D 2.0 - dalegates to function
Frits van Bommel
fvbommel at REMwOVExCAPSs.nl
Thu Mar 1 03:43:18 PST 2007
sergk wrote:
> Perhaps it's time to to bump an old request postponed to 2.0 times =)
>
> So, how about to add some thunking magic - how complex/complicated to implement it?
(I'll be assuming an x86 for this post, and DMD. x86 because that's the
assembler language I know (as well as the only architecture DMD runs
on), and DMD because that's the calling convention documented at
http://www.digitalmars.com/d/abi.html. Portability concerns are noted at
the end)
Did you mean converting delegates to function pointers (without an
explicit this pointer) or creating delegates to functions?
I think both can be implemented efficiently[1], perhaps even in library
space.

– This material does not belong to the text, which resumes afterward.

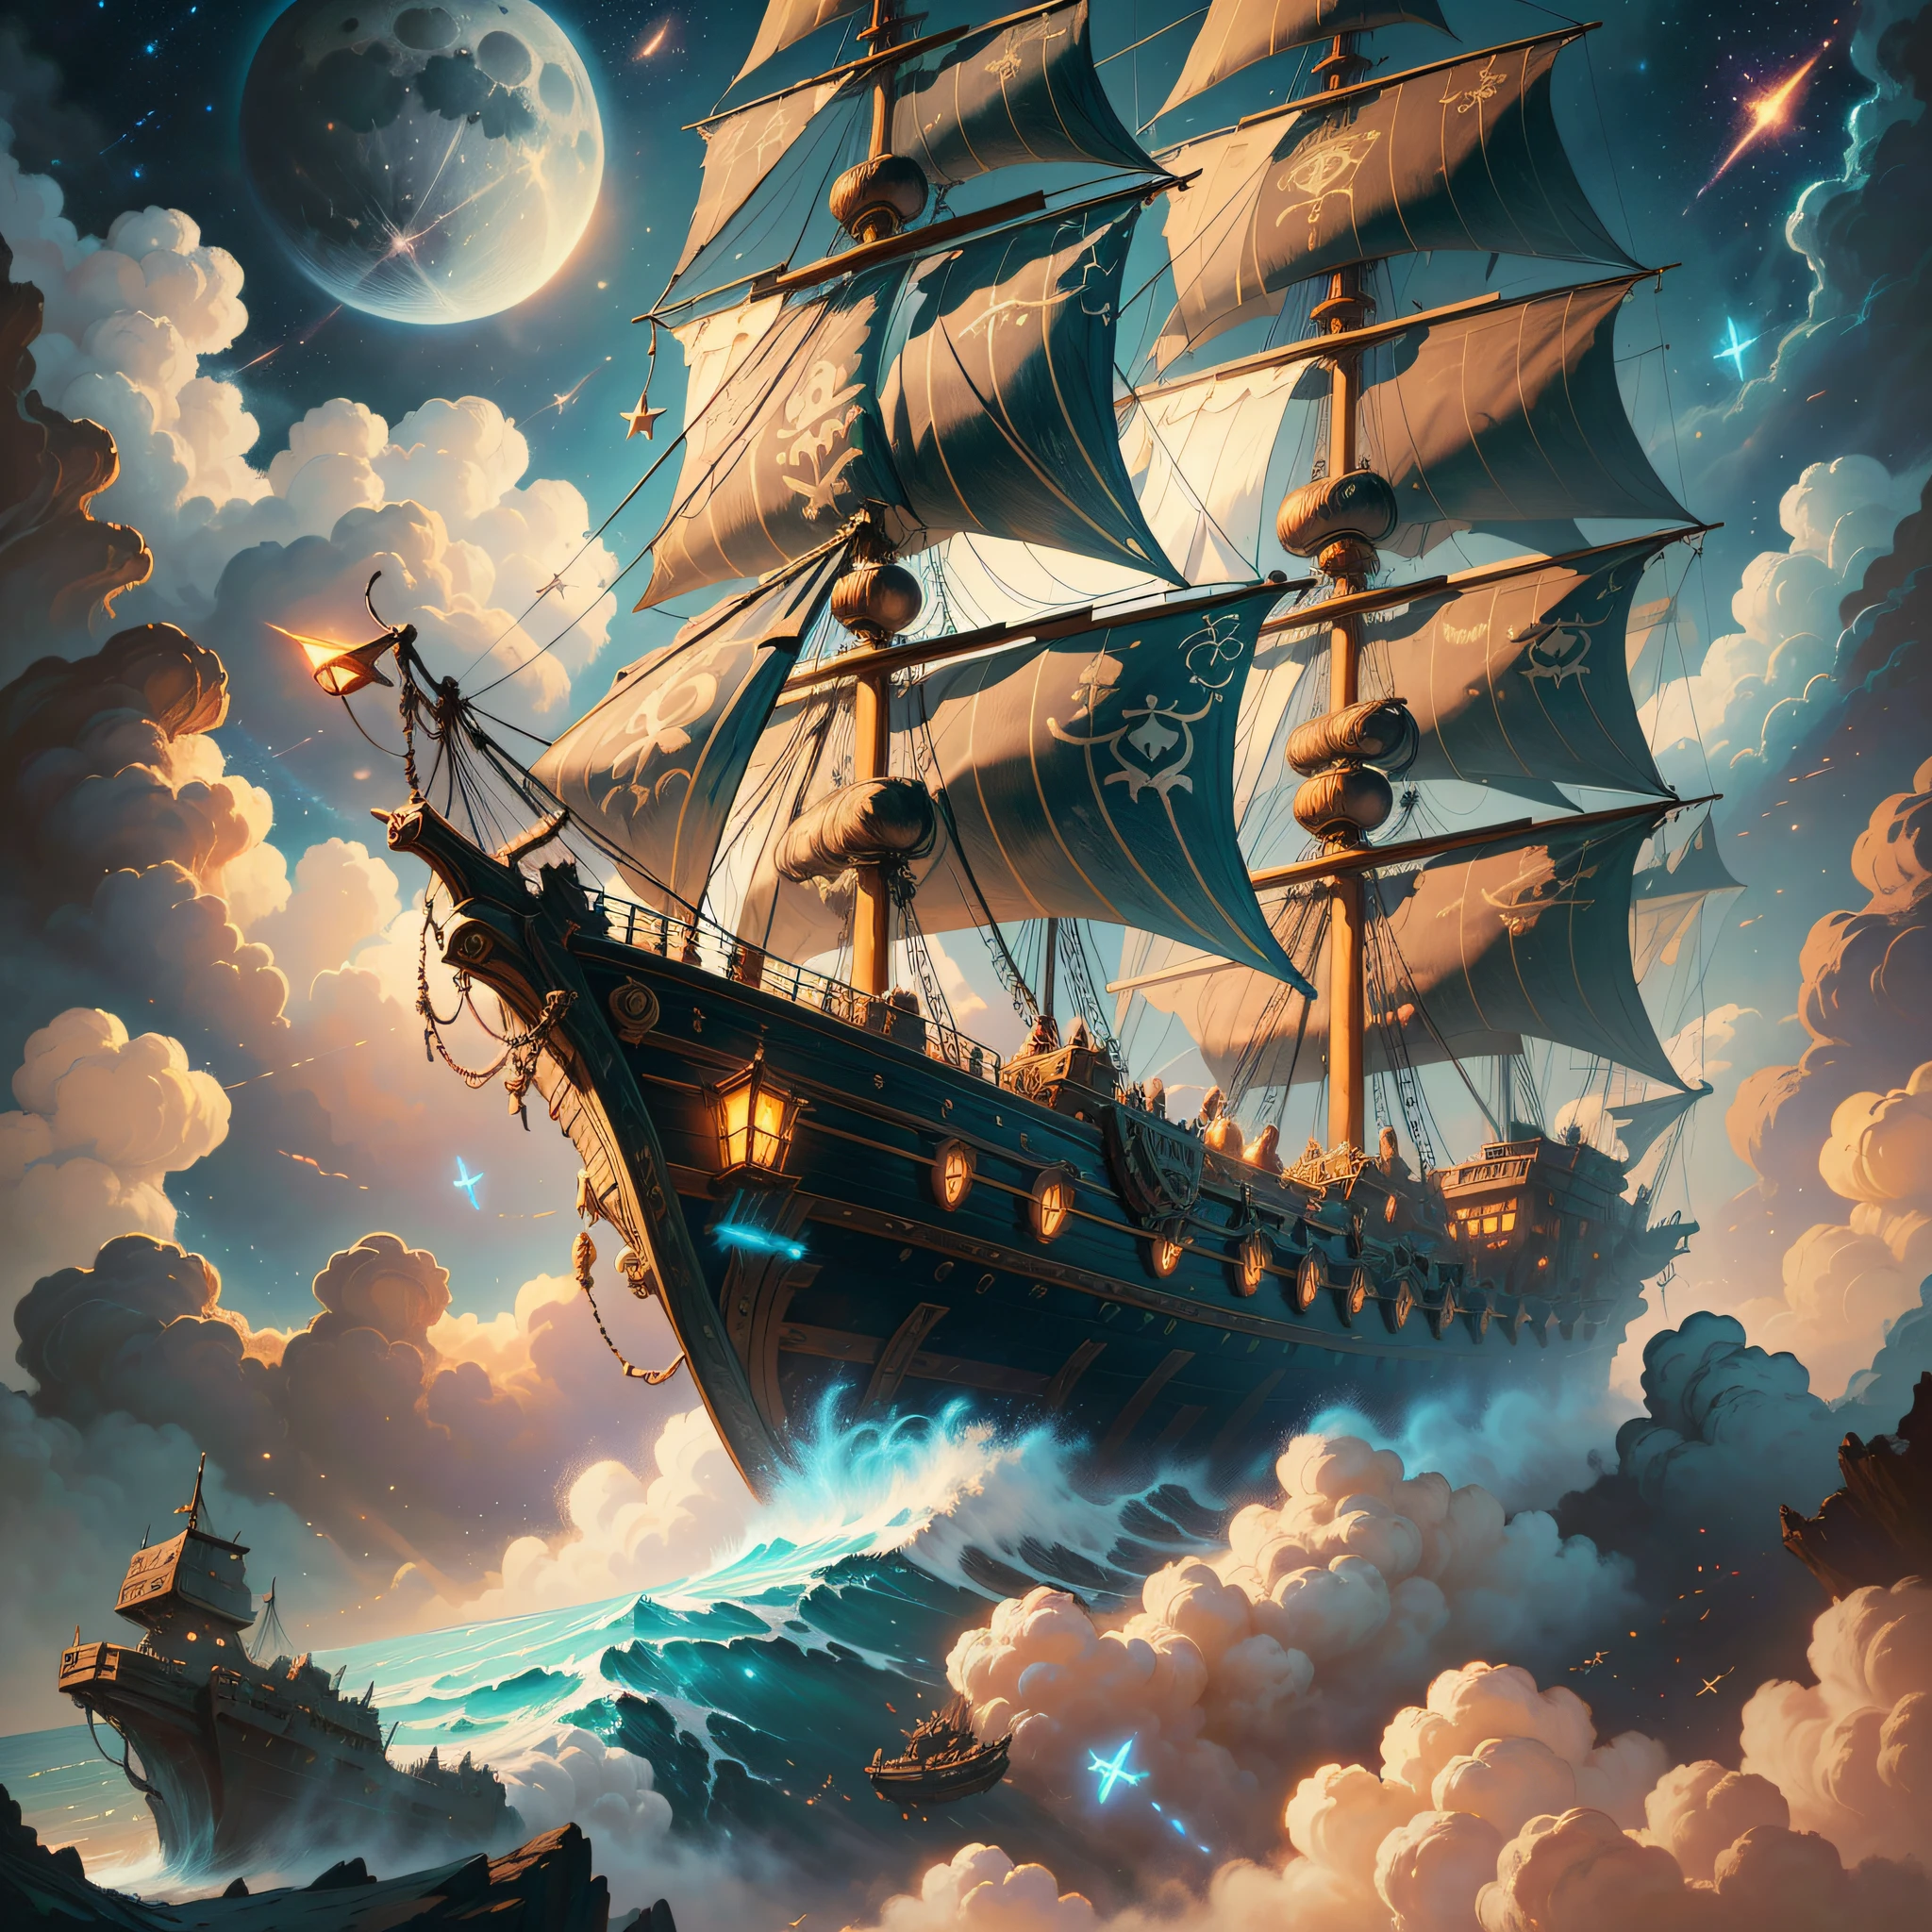 飛天海盜船被小仙女包圍的畫, 雲, 月亮, 背景中的星星, 幻想, 高度細緻的 4K 數位藝術, 8k 高品質細節藝術, 西里爾·羅蘭多的風格, detailed 幻想 digital art, epic 幻想 science fiction illustration, 驚人的壁紙, 靈感來自 Gaston Bussiere --auto --s2

AFAIK it can't be done in an entirely generic fashion in the
current though.
The big problem currently is detection of out/inout parameters, and
specifically whether the last parameter is one.
[1]: Meaning: without re-pushing parameters.
Pseudo-code for creating a delegate that calls a regular function:
===
dg.ptr = &func;
static if (Parameters.length > 0 && "last parameter fits in EAX but is
not 3 bytes large") {
dg.funcptr = RetType function(Parameters) {
asm {
naked;
pop ECX; // return address
mov EDX, EAX; // move function pointer out of the way
pop EAX; // last parameter must be in EAX
push ECX; // restore return address
jmp [EDX]; // jump directly to function entry point
}
}
} else {
dg.funcptr = RetType function(Parameters) {
asm {
naked;
jmp [EAX];
}
}
}
===
We need to know whether the last parameter is out/inout to implement the
static if(); if it wouldn't normally be passed in EAX but is out or
inout it's still in there.
This is a reduced variant of the "perfect forwarding" problem (which
requires that knowledge for all parameters). IIRC Andrei made some posts
about how they're going to try to fix that one. Once that's done the
above should be feasible.
Converting delegates to function pointers:
This could be done by heap-allocating a stub that loads EAX with the
correct value and then performs the right jump. This would have to be
done such that both of those values (the EAX parameter and the function
address) are correctly aligned in the code (so the gc can see them); nop
instructions may be needed here.
The heap-allocated code could look something like this (pseudo-asm):
===
asm {
naked;
static if(last param is in EAX) {
pop ECX; // pop return address
push EAX; // push last parameter on stack
push ECX; // restore return address
}
// some NOPs for alignment perhaps
mov EAX, dword 0x........
// some more NOPs?
jmp 0x........
}
===
Where the "0x........" parts are filled at runtime.
Notes and warnings:
* First of all, above code is completely untested and written directly
to this mail window. Use at own risk ;).
* This code assumes both the delegate and the function pointer have the
same calling convention, and that it's the one used by DMD on x86.
Different code will have to be written for other architectures, calling
conventions and (if it's even possible) cross-calling-convention conversion.
* The second code sample assumes the heap is mapped with execute
permission, which may be a non-portable assumption. For one thing, IIRC
amd64 (aka x86-64) has an optional no-execute (NX) flag for memory pages
that would break this; on OSs that use this for heap pages system calls
would be required to disable this flag.
* It also assumes the instructions are encodable such that the
"0x........" parts look like regular pointers to the GC (i.e. absolute
addresses). This may be a non-portable assumption as well, I'm not even
sure x86 allows this (I think so though). An alternative would be for
the GC to recognize such stubs and special-case them.